17 Sep

Rodin l’Indignat, l’Occitan inattendu


New-York, fin de journée. Au 22ème étage d’un building, un homme, peut-être employé de banque attend qu’on vienne le chercher. Dans une télé, des images de manifestations défilent. Ce sont des Indignés : Indignats, le nouveau clip de Rodín, diffusé sur internet depuis le 11 septembre dernier.
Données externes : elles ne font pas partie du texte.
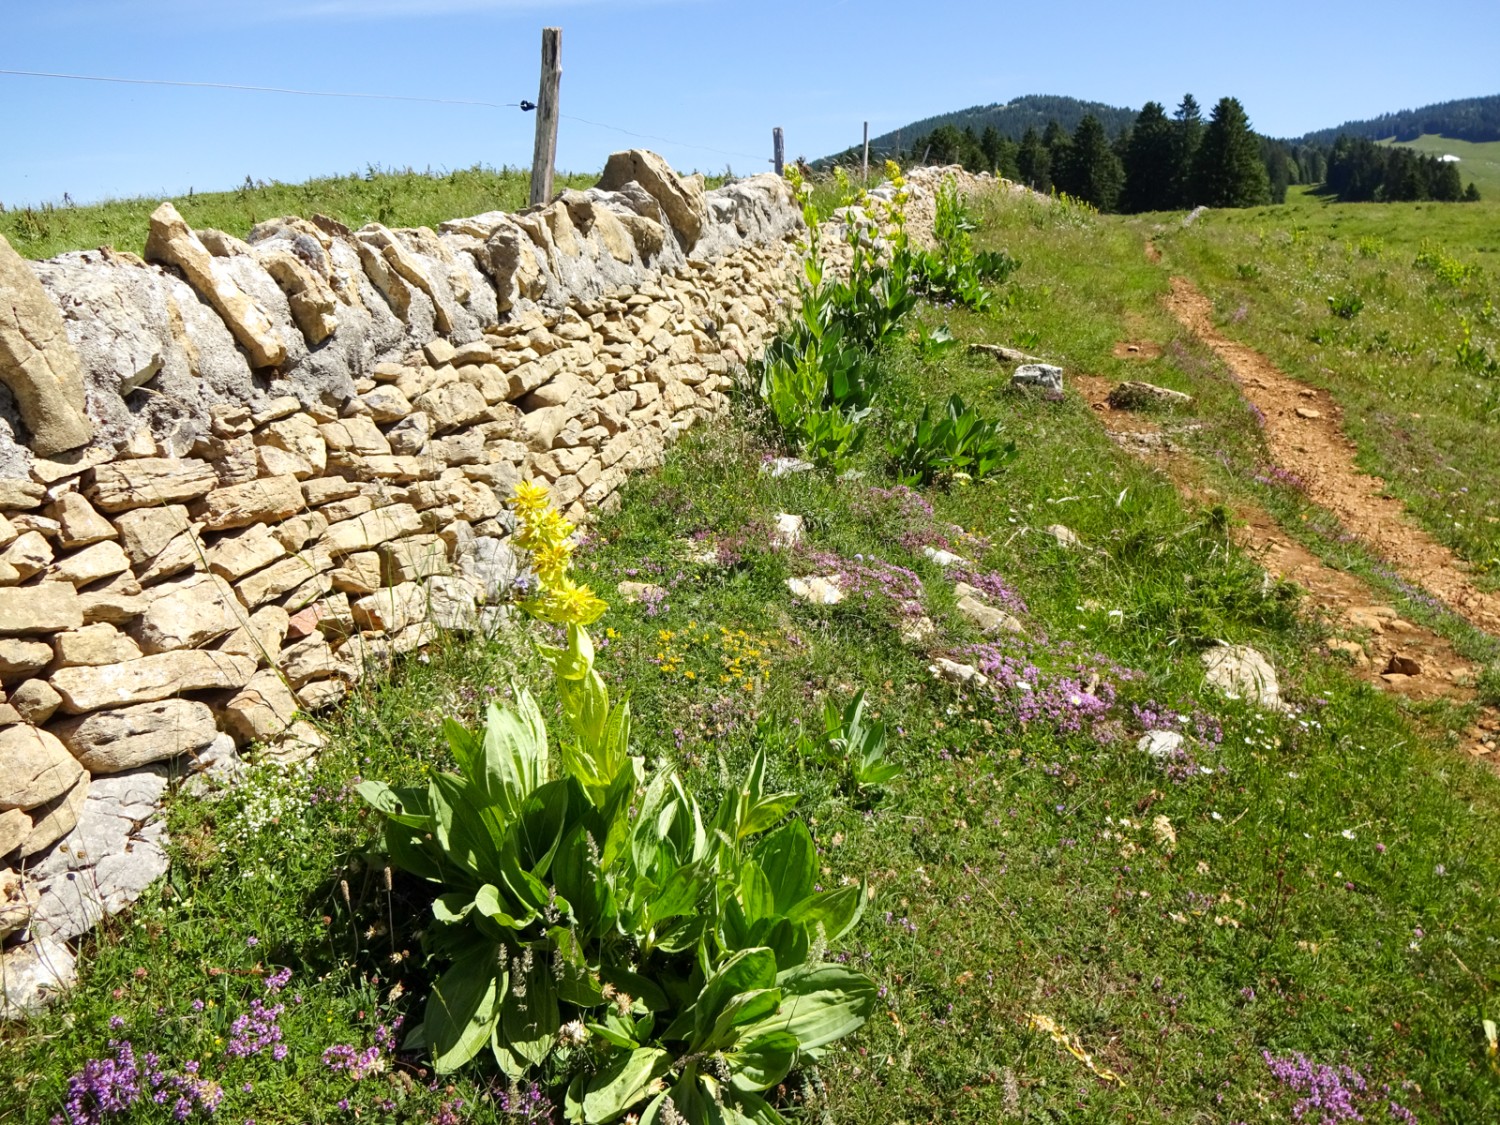 Typiques de la région, les murs de pierres sèches. Photo: Miroslaw Halaba
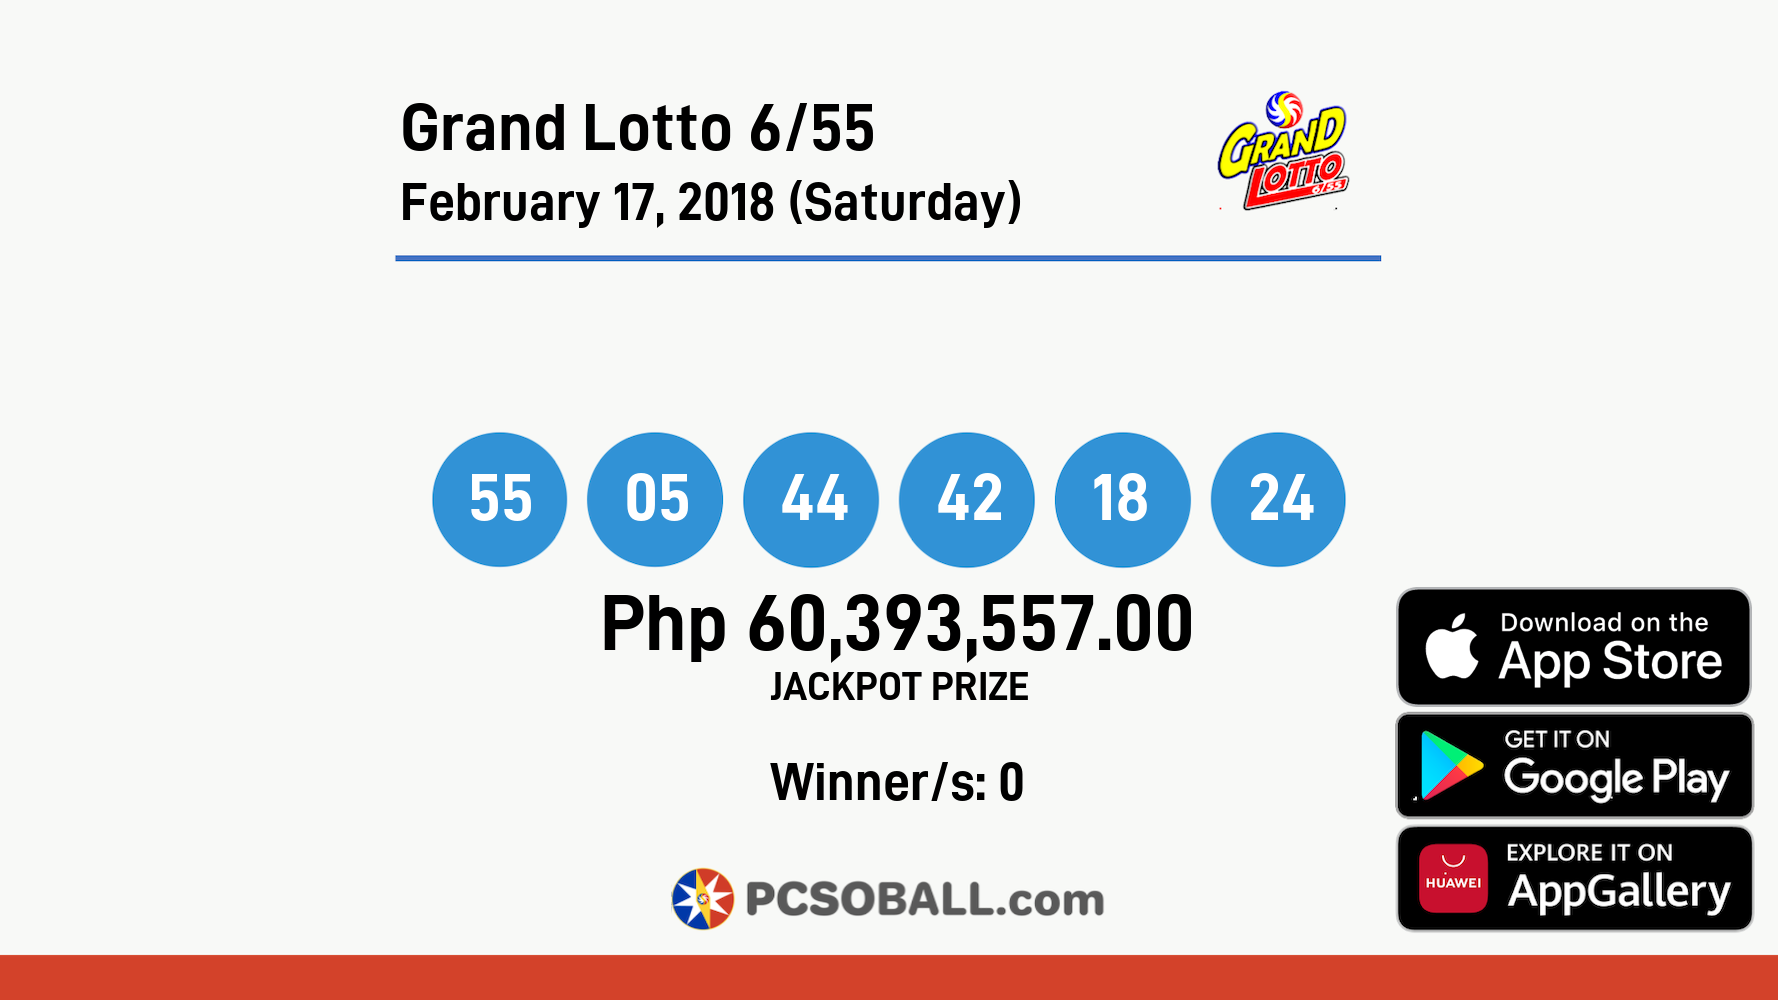 Grand Lotto 6/55 February 17, 2018 (Saturday) Result

Dès les premières secondes on s’attend à tout sauf à entendre un flow d’occitan se déverser entre du dubstep et du trapstep, dérivatifs électros du hip-hop. Le pari est très osé, risqué même.

© Corentin Laborde

Dans ce clip, le chanteur occitan Rodín  vient se frotter au rappeur new-yorkais Shon. « On échange nos paroles dans le refrain. Ce qu’il dit, c’est ce que je dis et inversement » précise Rodin. Et ce qu’ils disent à tour de rôle n’est autre que la dénonciation d’un système capitaliste à bout de souffle, qui fait se lever des Indignats à travers le monde mais qui revient toujours à son point de départ et continue ses ravages. « Le clip est une parabole du capitalisme. Dans la trame narrative, l’homme détaché de toute interaction avec l’être humain est malade, il vomit. Dans le gros quatre-quatre qui l’emmène à travers les rues de New-York, même les call-girls qu’il fait monter n’ont aucune prise sur lui. Il vomit encore. Et revient finalement à son point de départ » résume Rodín. « Le clip est très engagé et j’ai voulu utiliser l’esthétique de l’univers de la consommation, avec tous les symboles américains qui vont avec pour parler de l’exact opposé ». Aux antipodes des rappeurs américains bling-bling « de droite » comme l’indique Rodín, son co-équipier Shon est la preuve qu’il y a encore un discours conscient et engagé dans ce milieu musical. Double tour de force mené par Rodin qui a convaincu Shon de participer au single et de tourner ce clip à New-York : « J’ai grandi en écoutant de la musique américaine bien avant d’écouter de la musique occitane. Avant de chanter en oc, je faisais déjà du rap en français. Mais pour moi c’est un pas énorme que d’avoir réussi à produire ce clip. Je voulais aller au bout d’un parti pris et je voulais le faire méticuleusement ». Avec finesse et puissance, ce single est simplement unique et totalement inattendu de la part d’un artiste occitan. Et il ne s’agit là que d’un avant-goût. Rodin n’a probablement pas fini de nous surprendre puisque son album « Pantais Clus » devrait sortir dans le courant de l’année prochaine. Une trentaine de personnes collaborent à ce futur opus que Rodín définit « autant comme un objet poétique qu’un album concept des années 70 ». Seule certitude, ce sera en occitan. « Chanter dans cette langue, c’est une évidence. Je ne l’imagine pas autrement, ça ne se négocie pas ».